Загадка Некрасова | страница 6



Совесть — странный дар. Кому какая мера ее дается? В Некрасове она жила с детства и все росла, хотя он о ней не думал. Тем была она страшнее: как слепая змея в сердце. Он не умел защищаться от своих страстей, они легко овладевали им; тем легче, что он искал каких-нибудь "передышек": забыть терзания. И забывал…

Но как же потом змея ему мстила!

"Я веду гнусную жизнь, — писал он молодому Толстому. — Бессонные ночи отшибают память и соображенье… Да, я веду глупую и гнусную жизнь! И ей доволен (курс, подлинника), кроме иных минут, которые зато горьки, но, видно так уж нужно".

Некрасов никогда ни перед кем и ни в чем не оправдывался: он только просил прощенья.
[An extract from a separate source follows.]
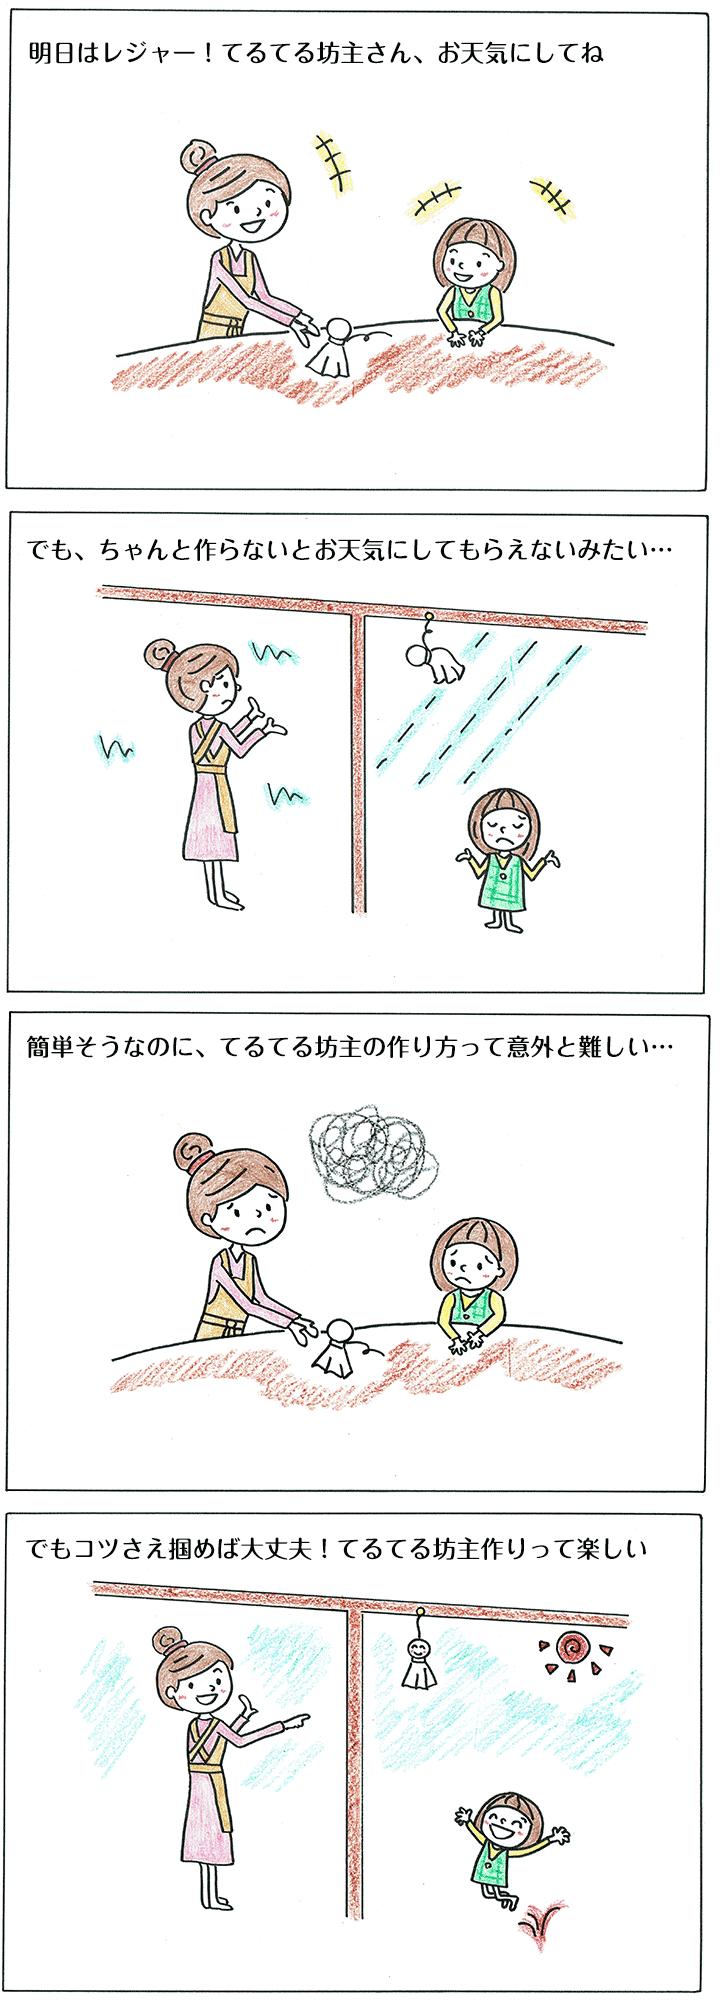 てるてる坊主の作り方の子育て4コマ漫画

Родине, друзьям, врагам, любимой женщине он говорил "прости"! "Прости"

было и последним, невнятно прошептанным словом его перед кончиной.

Совесть, — все она же! — вырастая, переплеснулась через личное, пропитала его любовь к земле, к России, к матери и, в мучительные минуты "вдохновенья", сделала его творцом неподражаемых стонов о родине. Неужели это лишь песни "гражданской скорби", как тогда говорили? Вслушаемся в них: поэт не отделяет родину-мать от себя самого; он мучается за нее и за себя вместе, даже как бы ею и собою вместе.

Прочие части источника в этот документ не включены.